----- STUDY MATERIAL

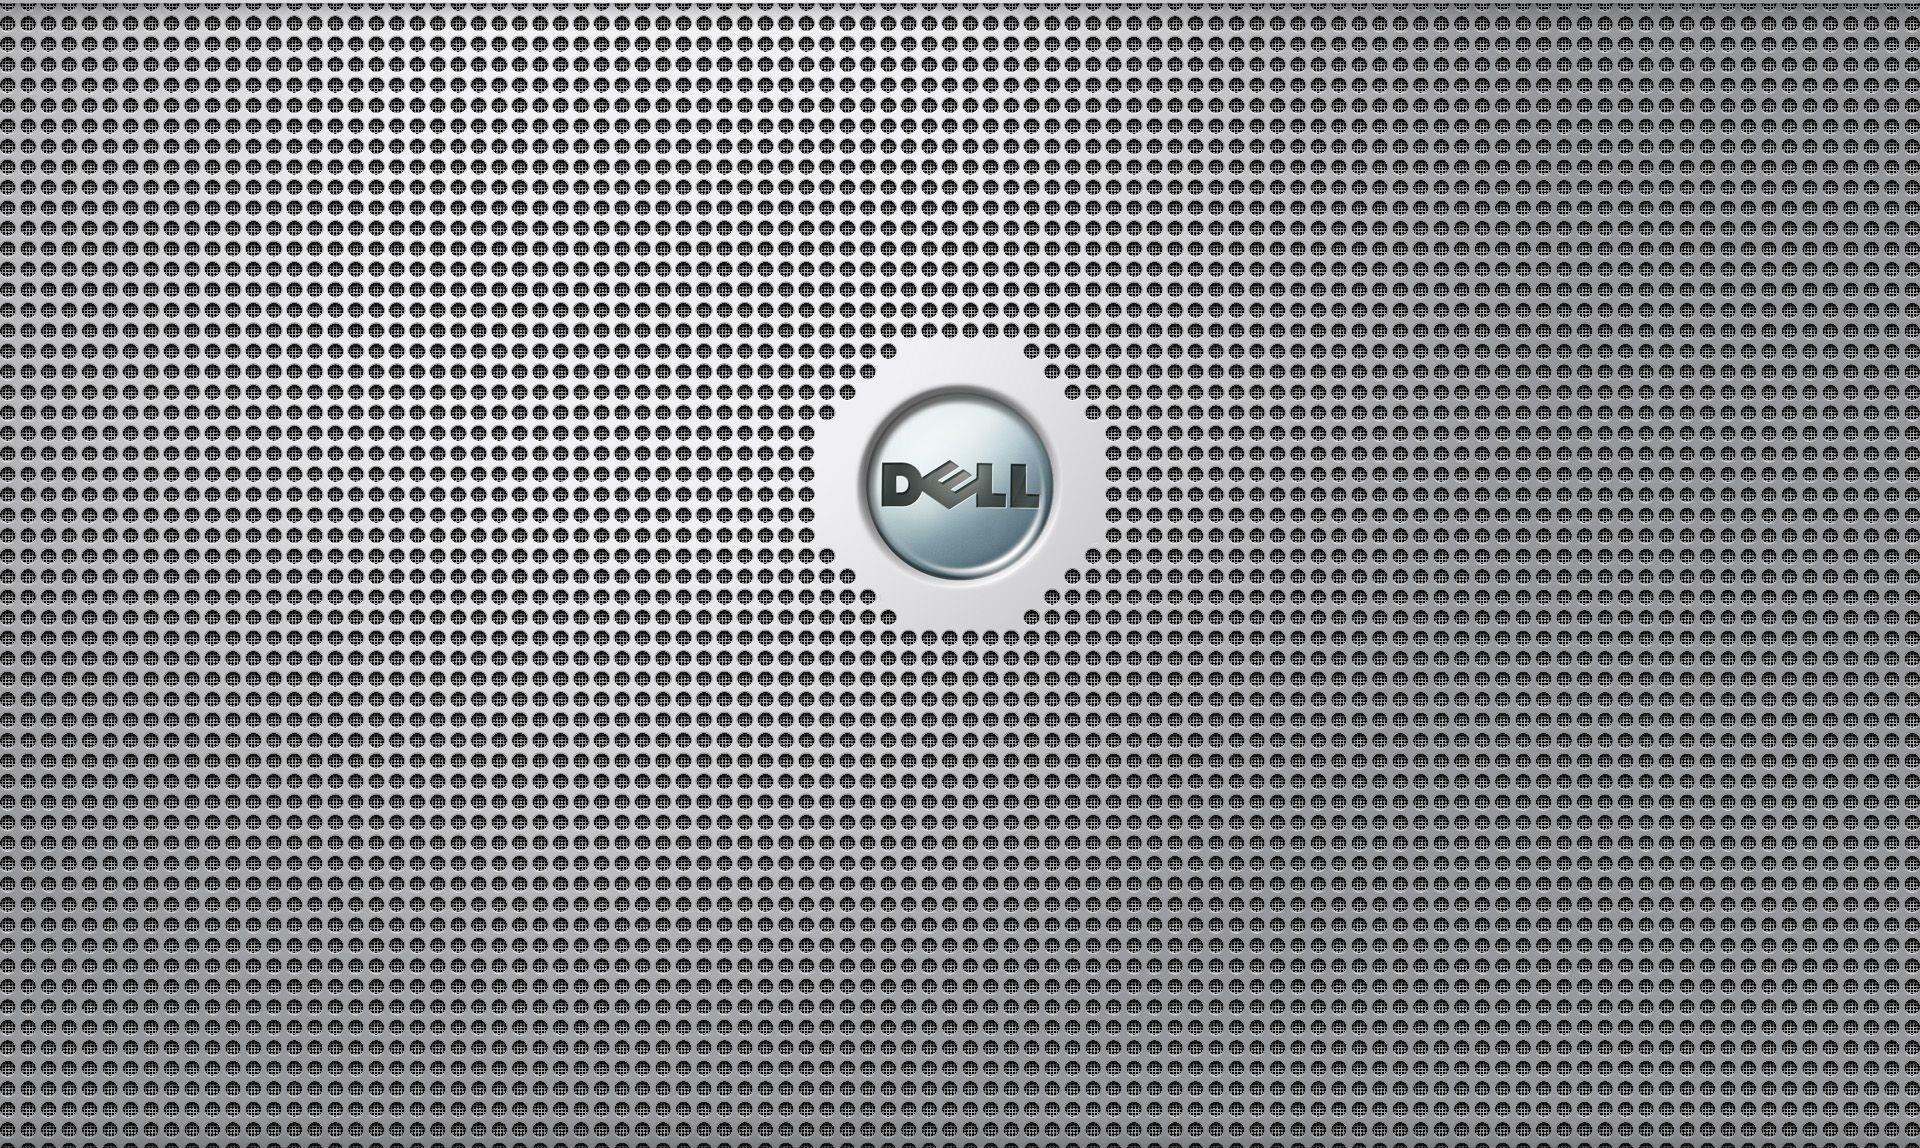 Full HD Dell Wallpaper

----------
----- STUDY MATERIAL

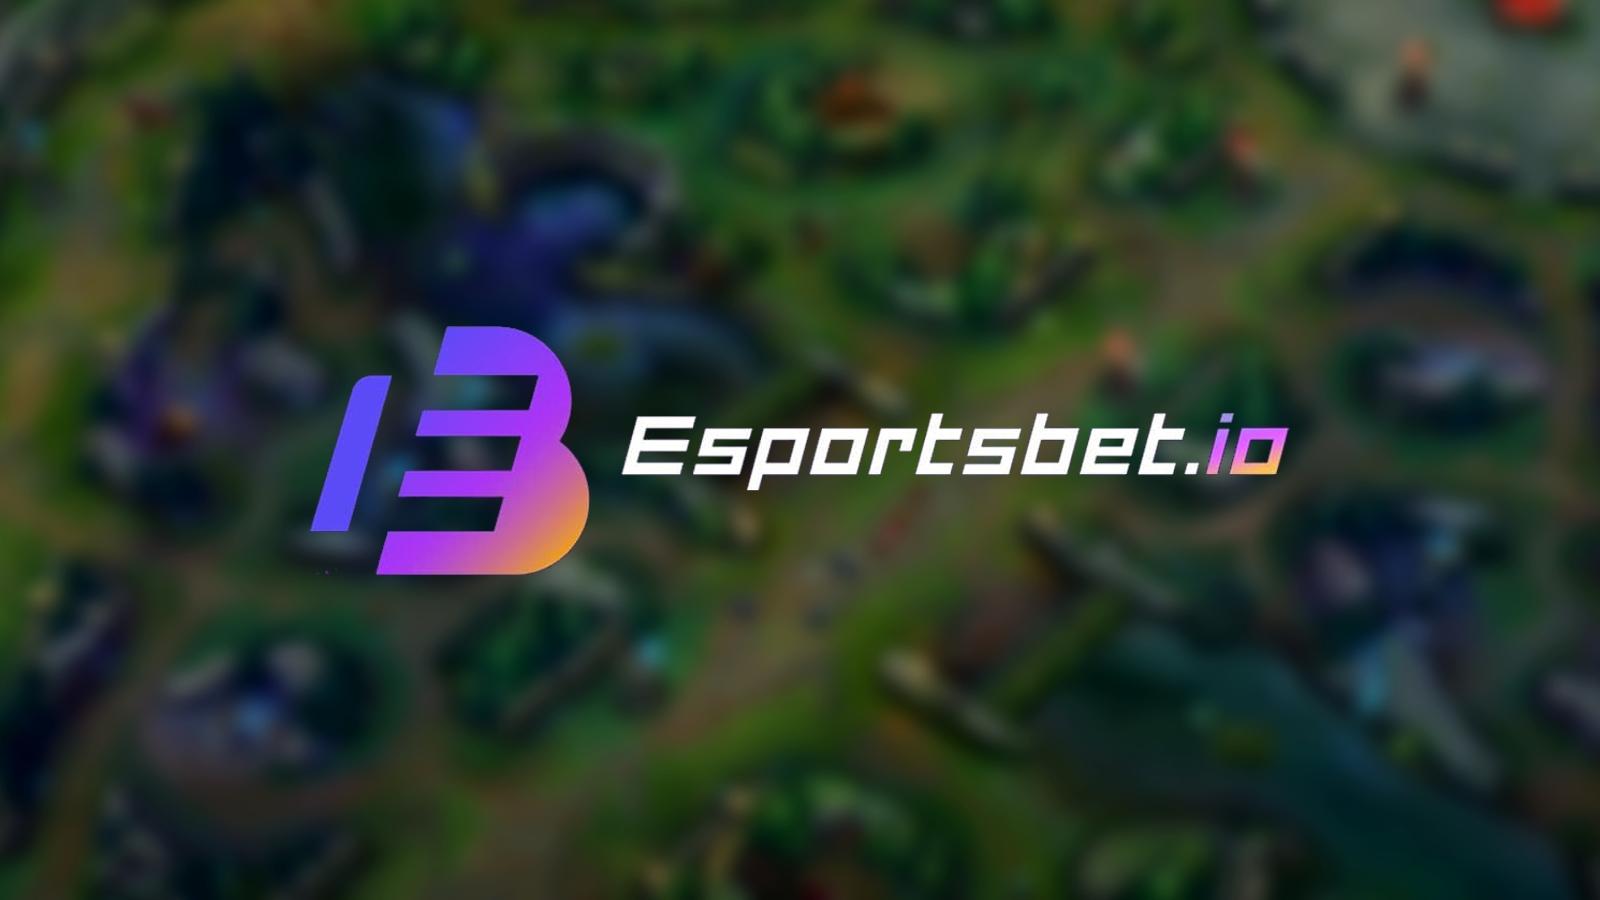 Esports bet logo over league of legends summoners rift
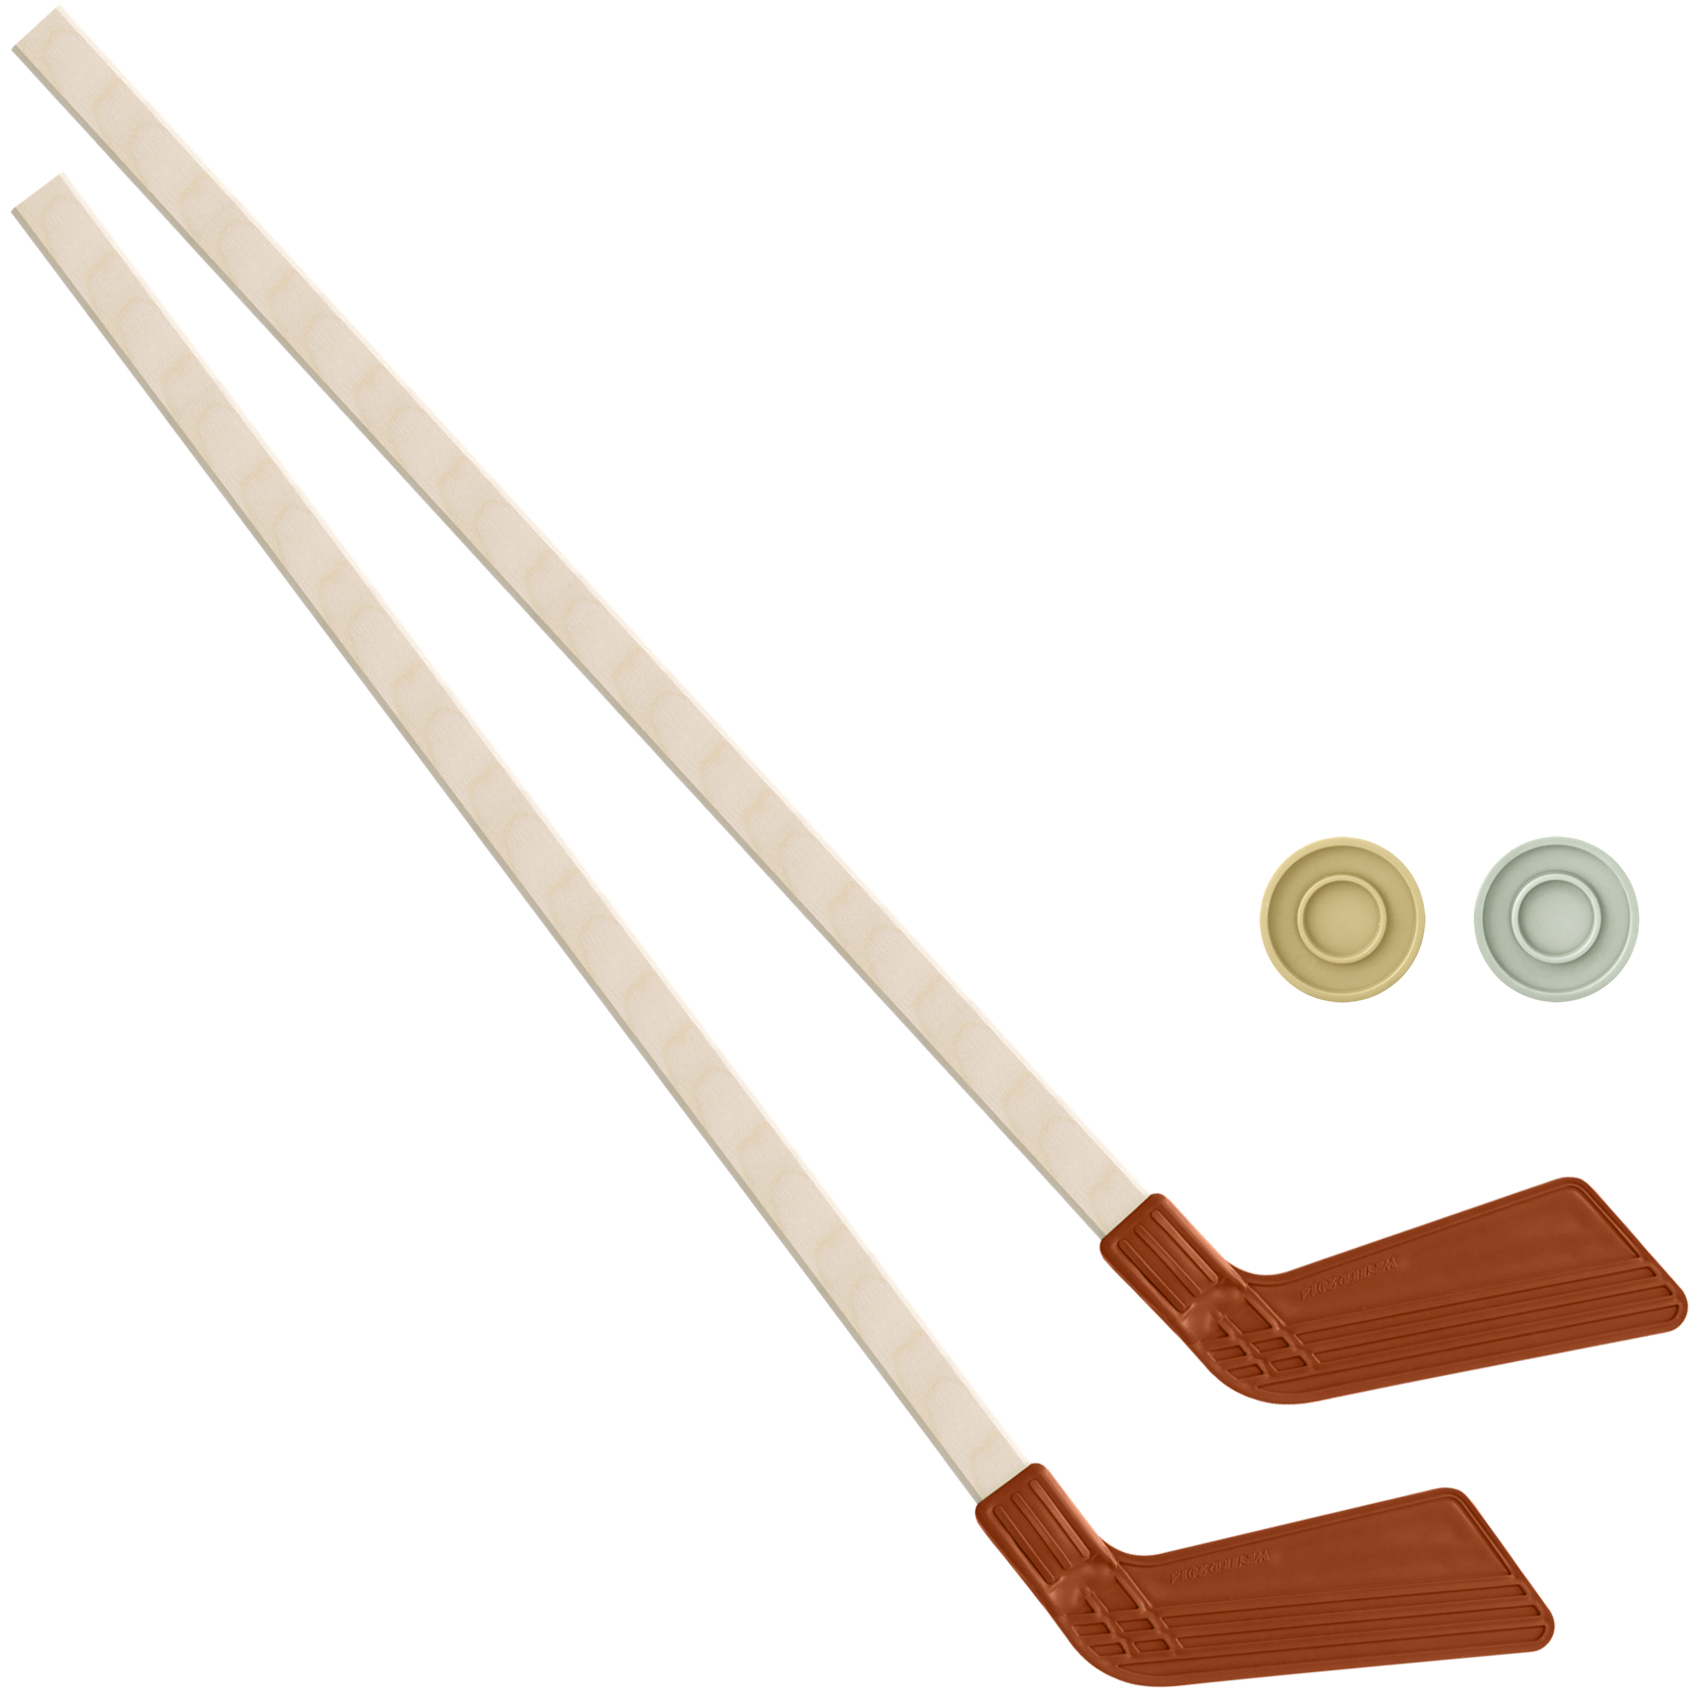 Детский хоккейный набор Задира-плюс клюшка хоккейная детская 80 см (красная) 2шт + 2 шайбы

----------
----- STUDY MATERIAL

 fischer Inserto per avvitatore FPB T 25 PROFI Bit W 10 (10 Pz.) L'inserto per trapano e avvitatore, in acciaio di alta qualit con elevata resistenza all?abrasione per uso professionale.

----------

* **DIRECTIONS FOR THIS TASK**: Extract the part of the records that opens with the line containing "Esports bet logo" and closes with the line containing "Детский хоккейный набор". Take only those lines, exactly, and no pictures.

* **EXERCISE SOLUTION**:
 Esports bet logo over league of legends summoners rift
 Детский хоккейный набор Задира-плюс клюшка хоккейная детская 80 см (красная) 2шт + 2 шайбы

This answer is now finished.